Scientific peer review has long been considered the gold standard for ensuring the quality and credibility of research. A way of replicating the research-focused discussions between academics that formed the foundation for the critical yet open-minded approach that defines modern scientific discovery. The use of LLMs in the scientific review process may, to some, feel like the removal of the ‘peer’ in peer review and, as such, a threat to science in its entirety. However, If used as a tool to assist the peer review process, rather than as a standalone “robot” reviewer, LLMs could enhance both the quality and efficiency of manuscript assessment.
Reaching this goal will require a concerted effort from all parties involved in the peer review process. Reviewers who use LLMs to assist with manuscript assessment must take responsibility for the accuracy and value of the reports they submit. Authors can use LLMs to help improve their work but should avoid the trap of assuming these imperfect tools can instantly create a complete manuscript. In turn, publishers must ensure that accountability across the peer review process remains in the hands of experienced human editors. Transparency and honesty about LLMs will be vital in shaping the policies that will help usher in their use.
“AI can bring efficiency to peer review by identifying plagiarism, sorting submissions, and assessing the quality of research. However, it might also lead to job loss for human reviewers, lack of nuanced understanding, and the risk of overlooking innovative but unconventional studies.

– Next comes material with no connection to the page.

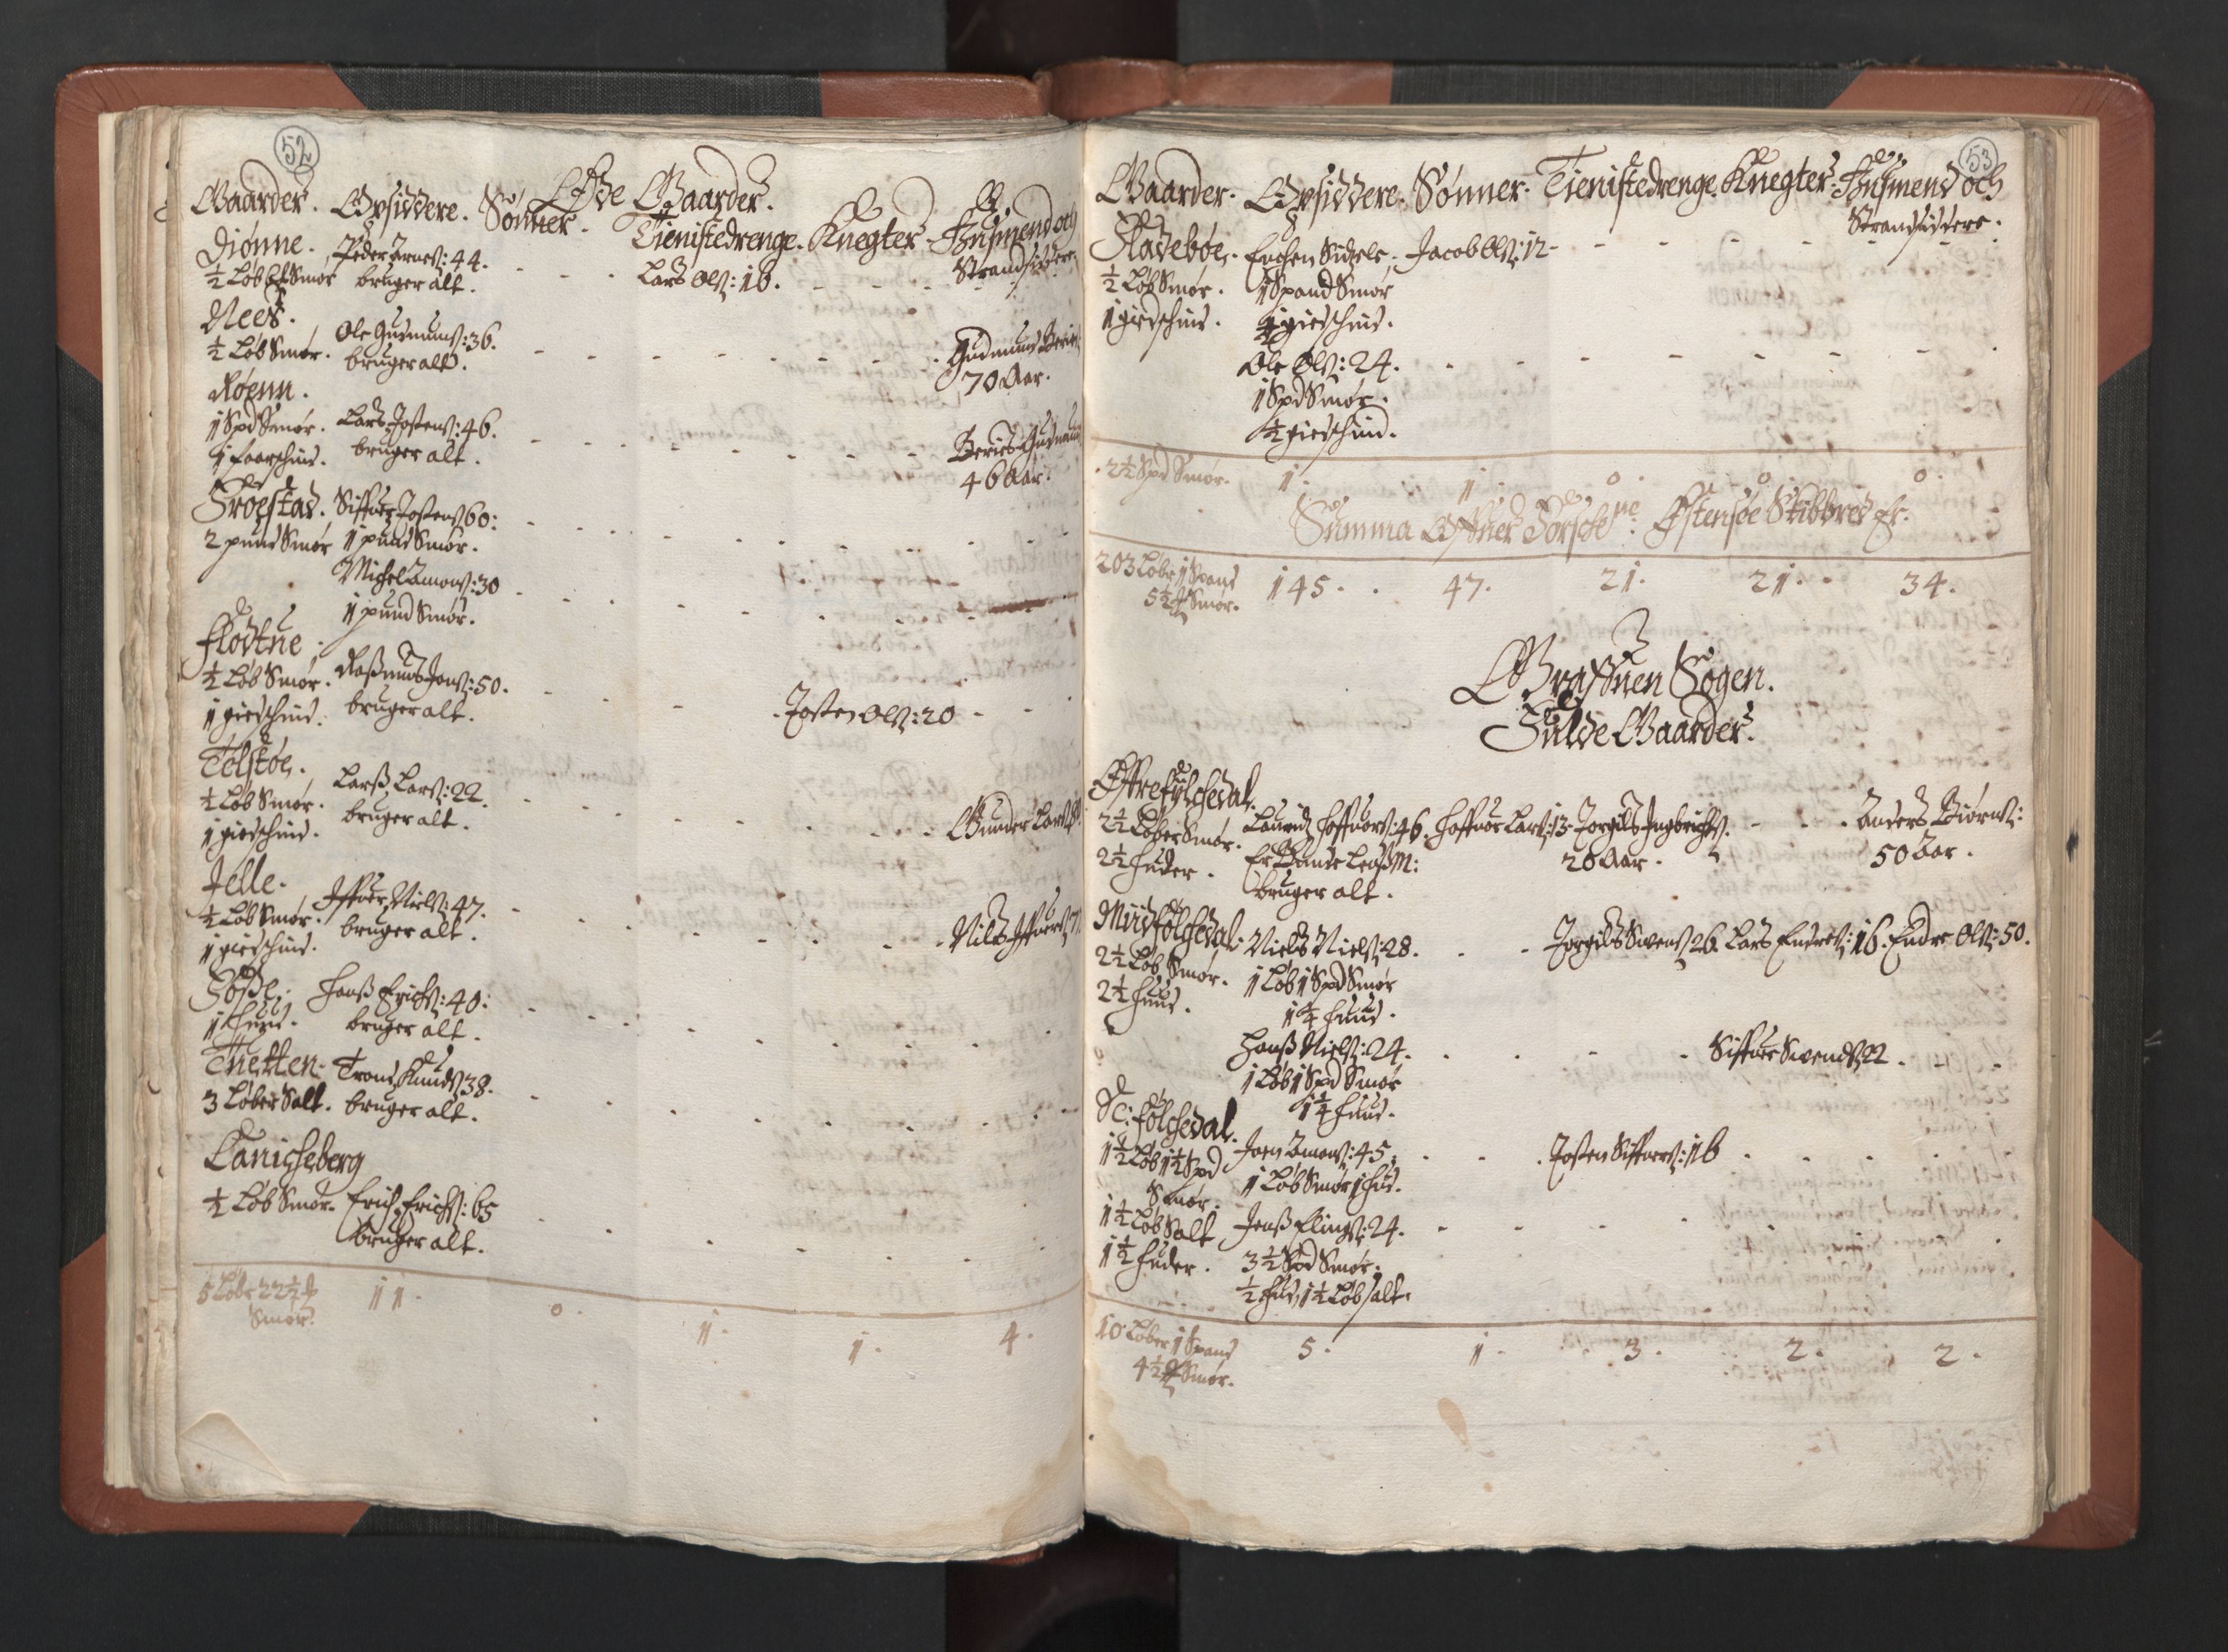 RA, Fogdenes og sorenskrivernes manntall 1664-1666, nr. 14: Hardanger len, Ytre Sogn fogderi og Indre Sogn fogderi, 1664-1665, s. 52-53

Additionally, reliance on AI may increase the risk of hacking and manipulation of review outcomes.”
The text at the top of the article was generated by ChatGPT3.5 in response to a prompt asking about the future of peer review. The text above, which provides a considerably more cautious perspective on AI, was created by the next iteration of ChatGPT. LLMs are a technology developing at an incredible pace, and opinions on its use are likely to shift just as rapidly. Science should strive to work with, rather than against or without AI whilst recognizing the complexity of the challenges it proposes. Whatever these developments may bring, it is important that science maintains an attitude of critical open-mindedness and adaptability in the face of new tools and developments, like science always has.
The authors would like to acknowledge ChatGPT-3.5 and ChatGPT-4 for assistance in writing this piece.